START Dataset content

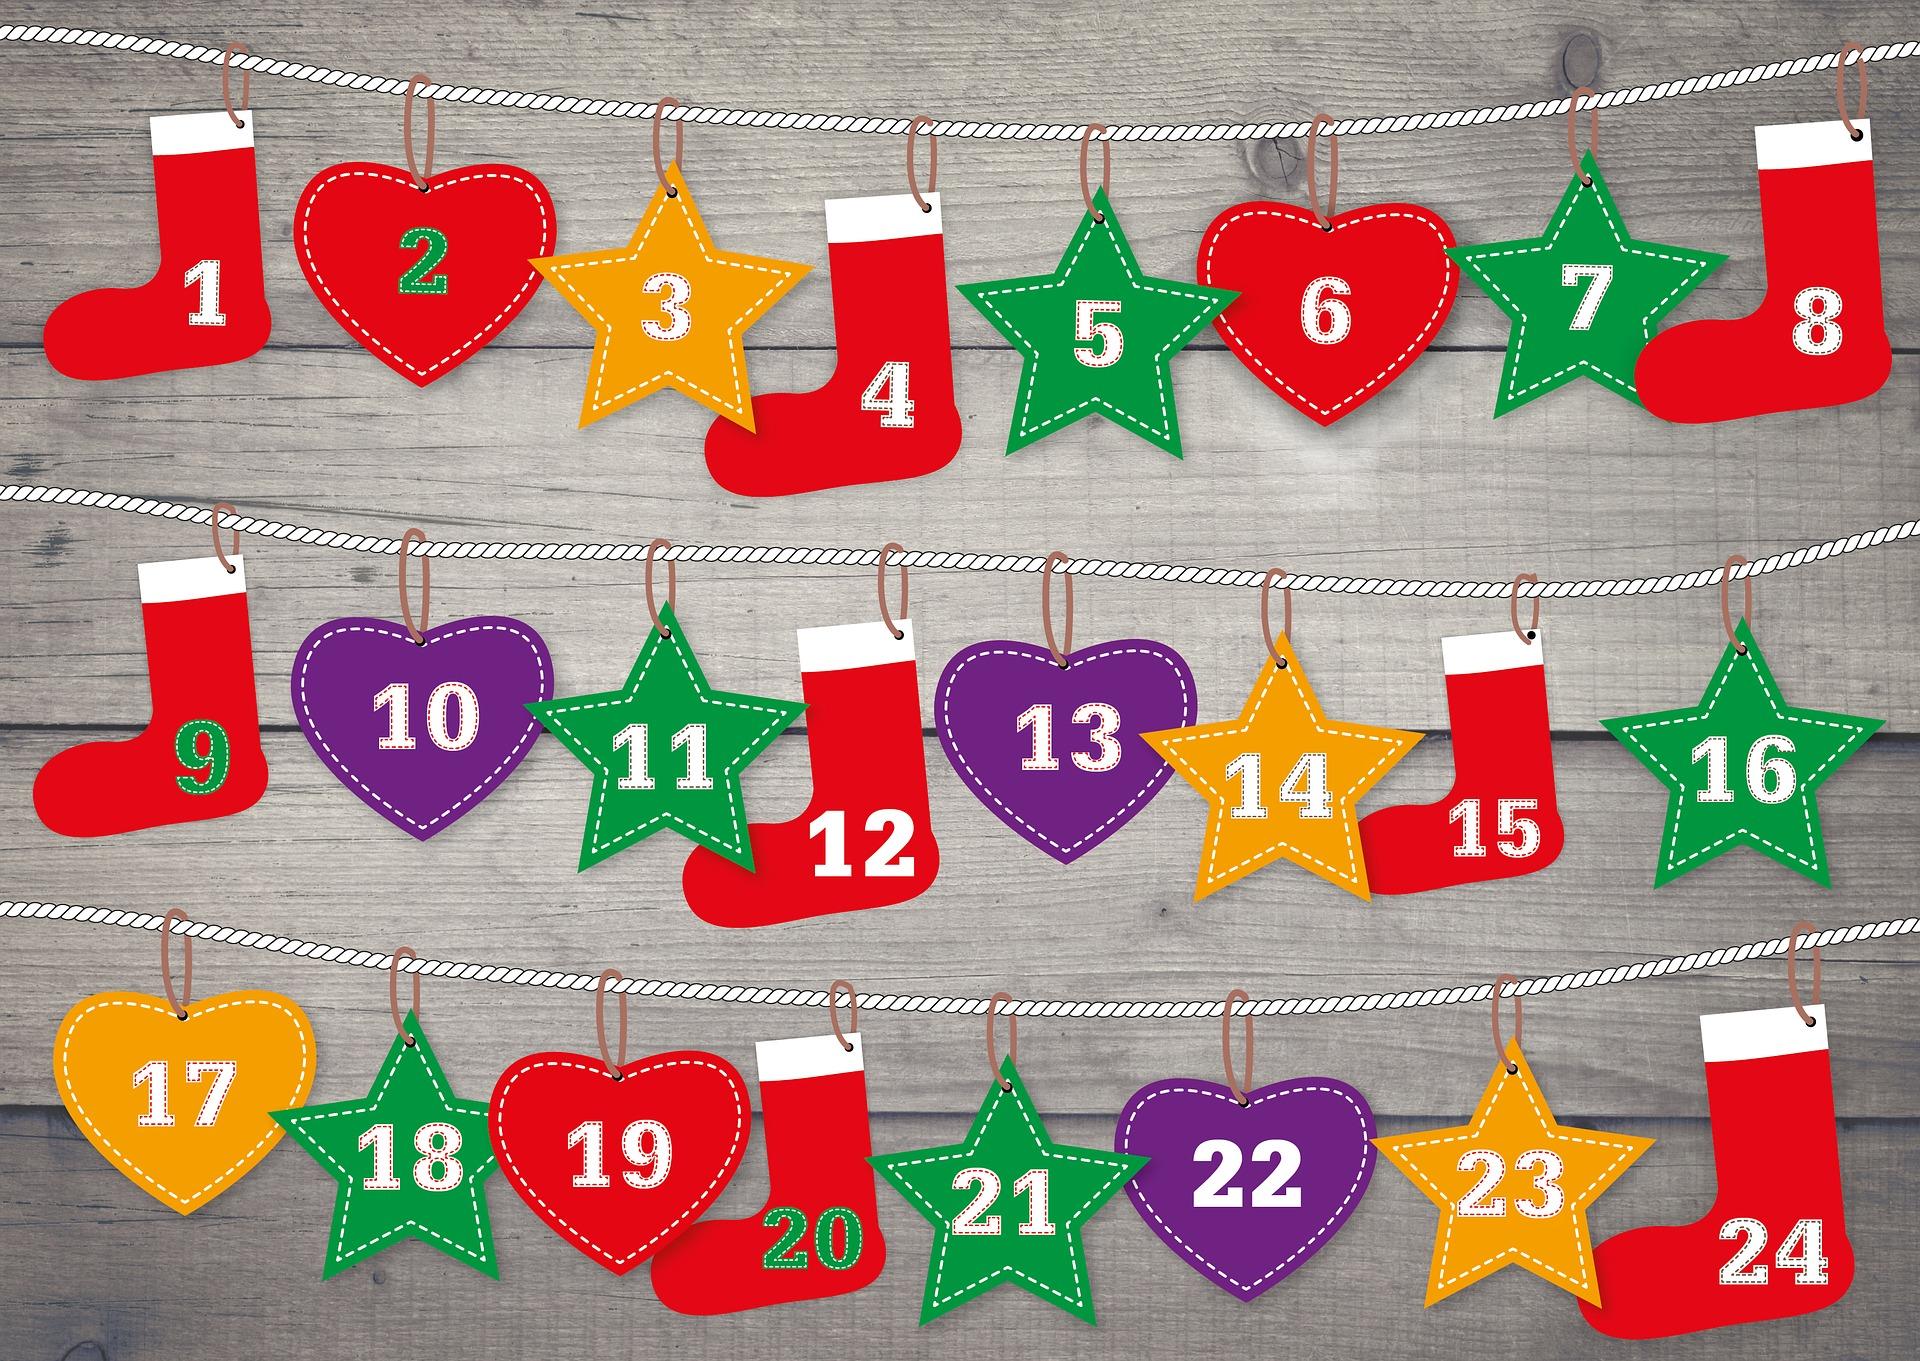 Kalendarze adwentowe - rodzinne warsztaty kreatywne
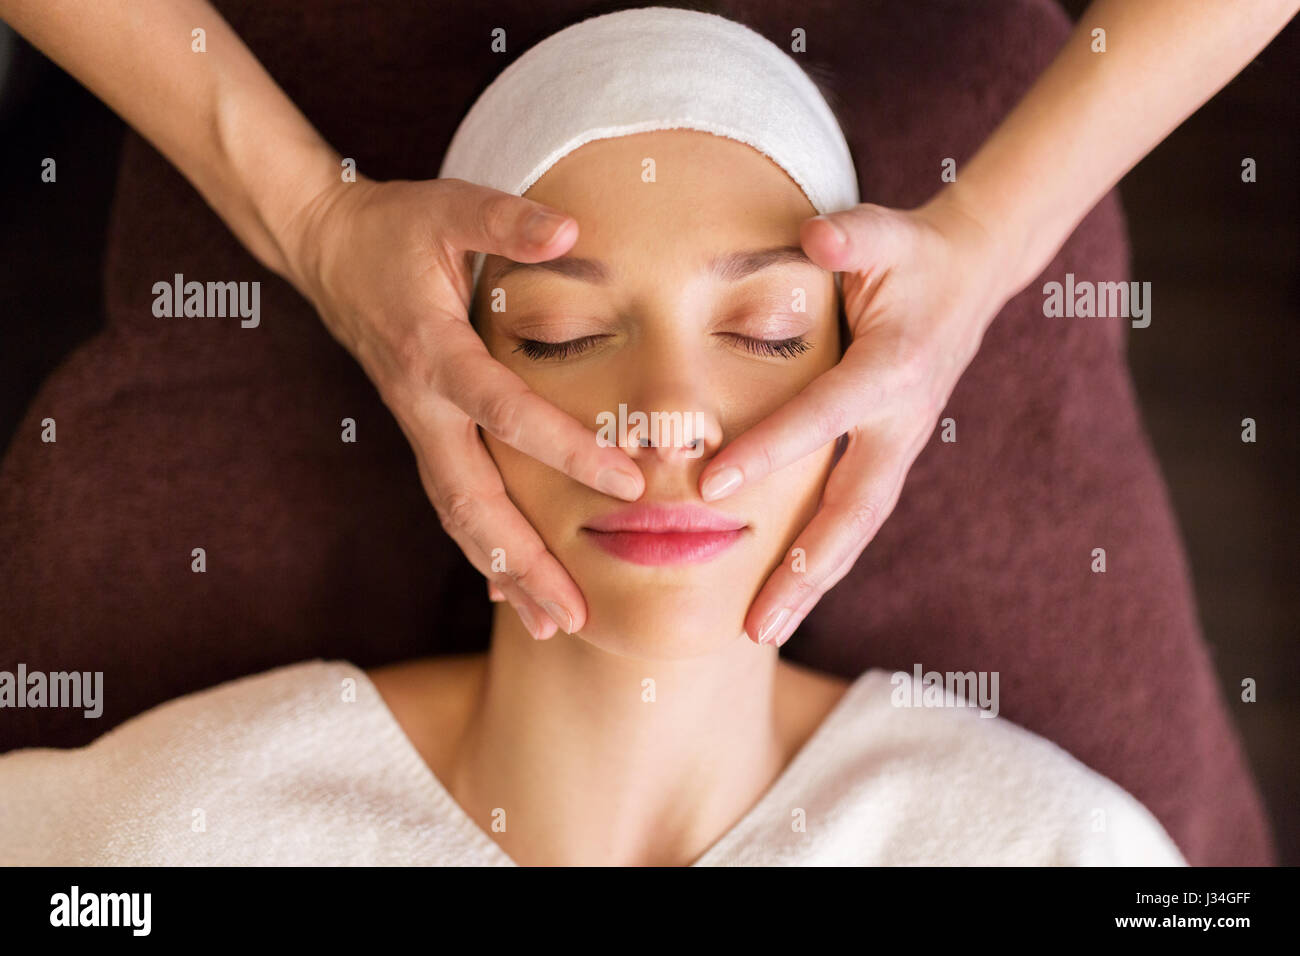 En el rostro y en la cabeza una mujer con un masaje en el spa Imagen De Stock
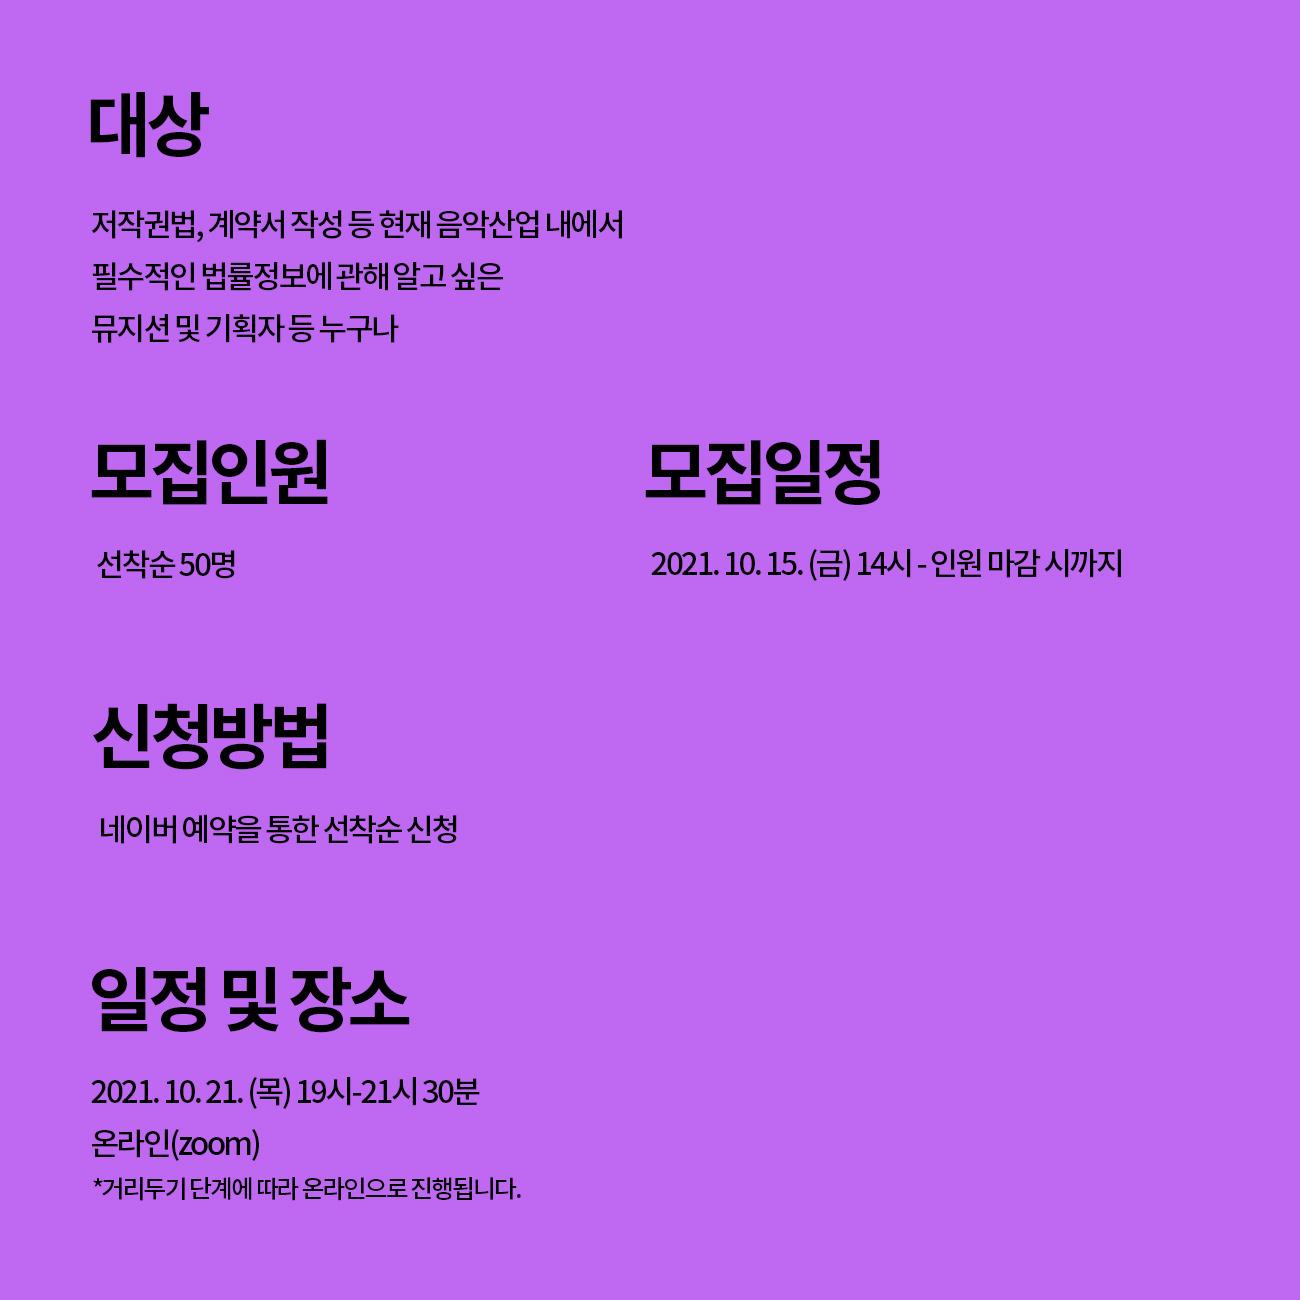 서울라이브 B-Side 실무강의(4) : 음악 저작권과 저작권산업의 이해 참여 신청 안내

END Dataset content

* Problem to solve: Please retype the listing in full, exactly as given, and skip every image.

* Worked solution:
 Kalendarze adwentowe - rodzinne warsztaty kreatywne
 En el rostro y en la cabeza una mujer con un masaje en el spa Imagen De Stock
 서울라이브 B-Side 실무강의(4) : 음악 저작권과 저작권산업의 이해 참여 신청 안내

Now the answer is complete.